Не все с этим согласны. Многие по примеру философа Бертрана Рассела утверждают, что на самом деле естественные науки охватывают все на свете, и пределов у них нет. «Знание можно получить лишь с помощью научных методов, и поэтому невозможно знать о том, что наука в принципе не способна обнаружить»[285] (пер. И. Романова). Это небольшое изящное преувеличение никогда меня ни в чем не убеждало. Начнем с того, что такая логика фундаментально ущербна. «Если наука не может что-то открыть, человечество об этом не узнает» – это утверждение, антинаучное по своей сути. Если оно истинно, оно ложно (если вы следите за моей мыслью). Вспомним анекдотическую записку на доске объявлений: «Все, что написано на этой доске, ложь». Хуже того, как же теперь быть с великими истинами логики и математики – а ведь эти области Рассел прекрасно знал, – где предлагаются доказательства такой строгости, о которой естественные науки не могут и мечтать? Ведь это-то мы можем знать?
В этой главе мы поразмышляем о том, есть ли у науки пределы и что из этого следует. Для начала подумаем над «последними вопросами» и представим себе, как на них ответить, если, конечно, это вообще возможно.
Главные вопросы бытия.

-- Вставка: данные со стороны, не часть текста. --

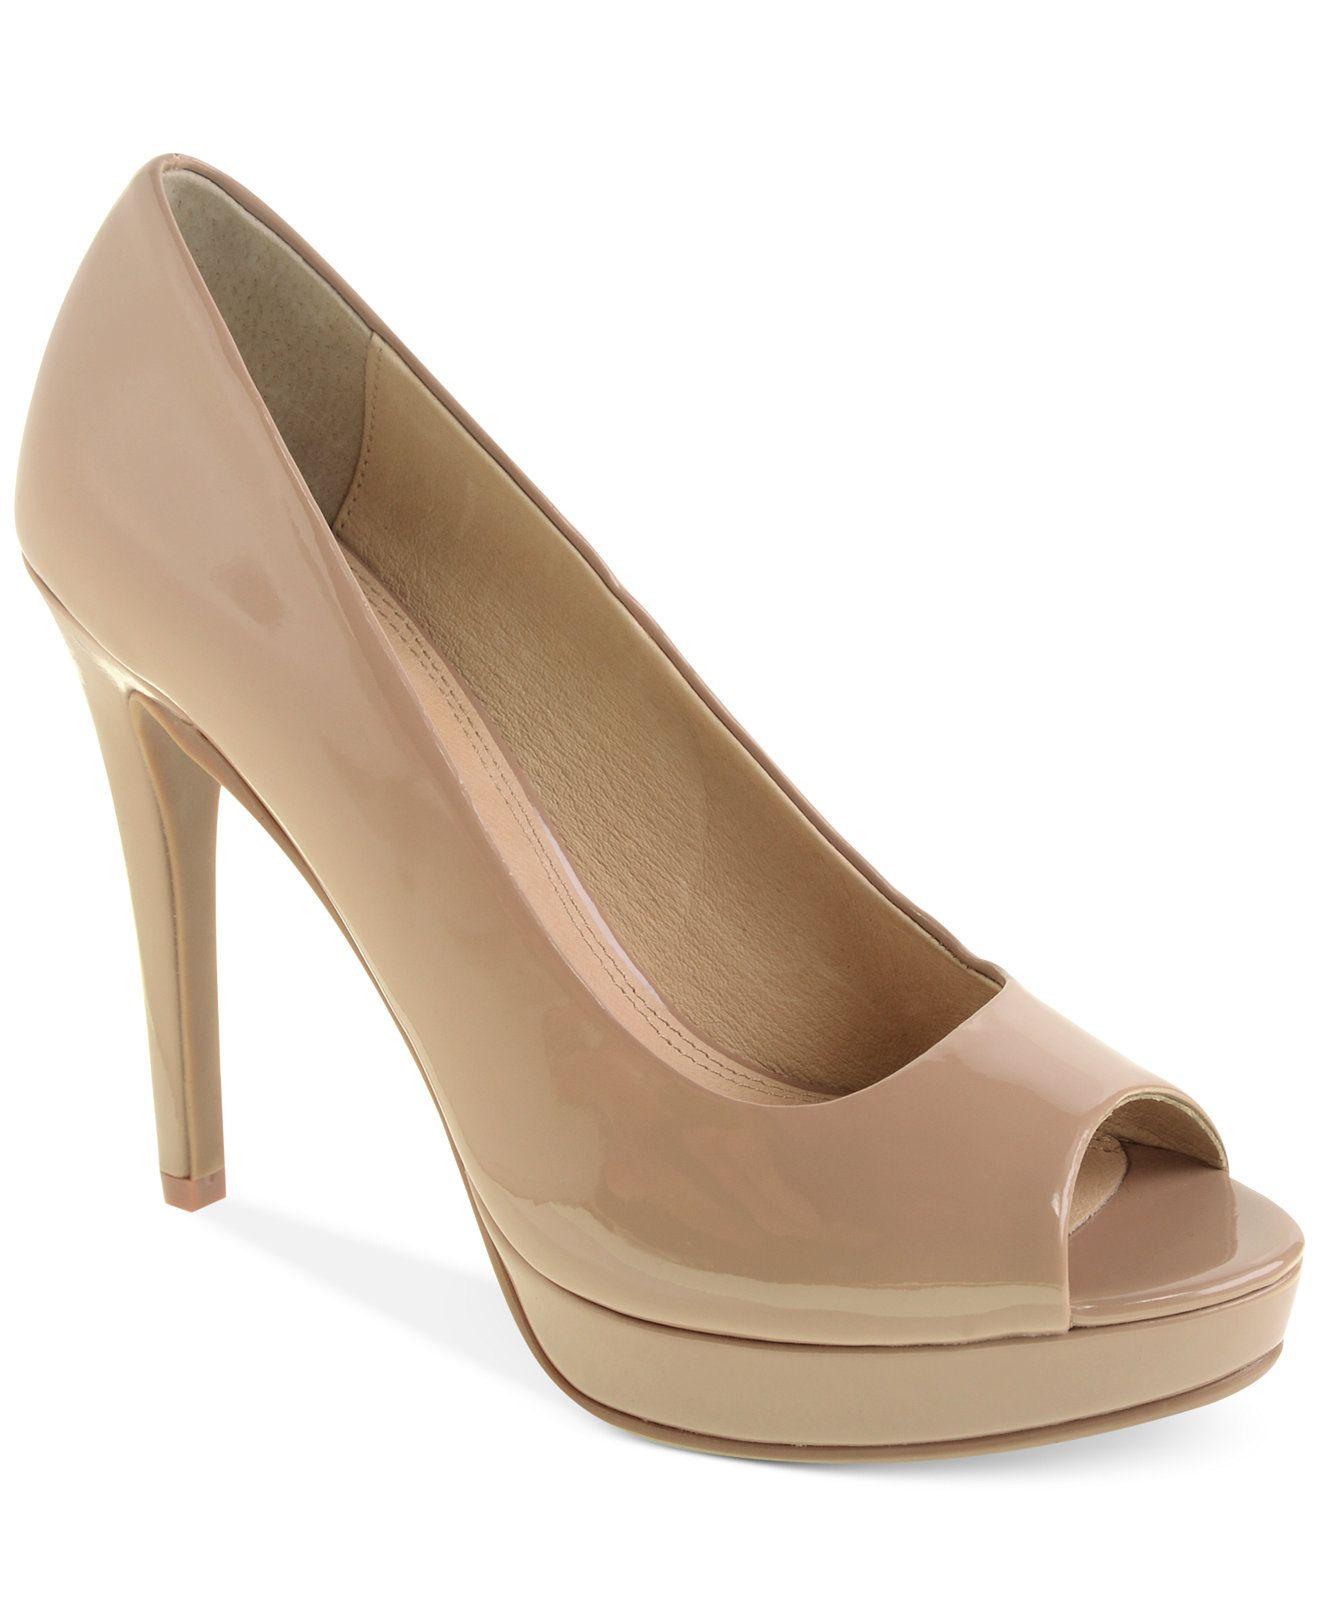 Platform pumps heels

Зачем нам ответы?
Вернемся к великому испанскому философу Хосе Ортега-и-Гассету (1883–1955), о котором мы уже упоминали на этих страницах. Вспомним, что Ортега-и-Гассет сделал важное наблюдение о месте естественных наук в человеческой культуре:
Для научной истины характерны точность и непреложность предсказаний. Однако за эти восхитительные качества науке приходится платить тем, что она остается на уровне вторичных соображений, не затрагивая главных, определяющих вопросов[286].
Ортега указывает, что поскольку ученые тоже люди, они хотят – более того, им необходимо – идти дальше, чем может на законных основаниях увести нас наука. Наука удовлетворяет лишь часть, причем очень небольшую часть, человеческой потребности в мудрости, знании и понимании. Если наука, опираясь на положенные ей методы, в каком-то месте вынуждена остановиться, мы как люди очень хотим пойти дальше и исследовать, что лежит за научными горизонтами.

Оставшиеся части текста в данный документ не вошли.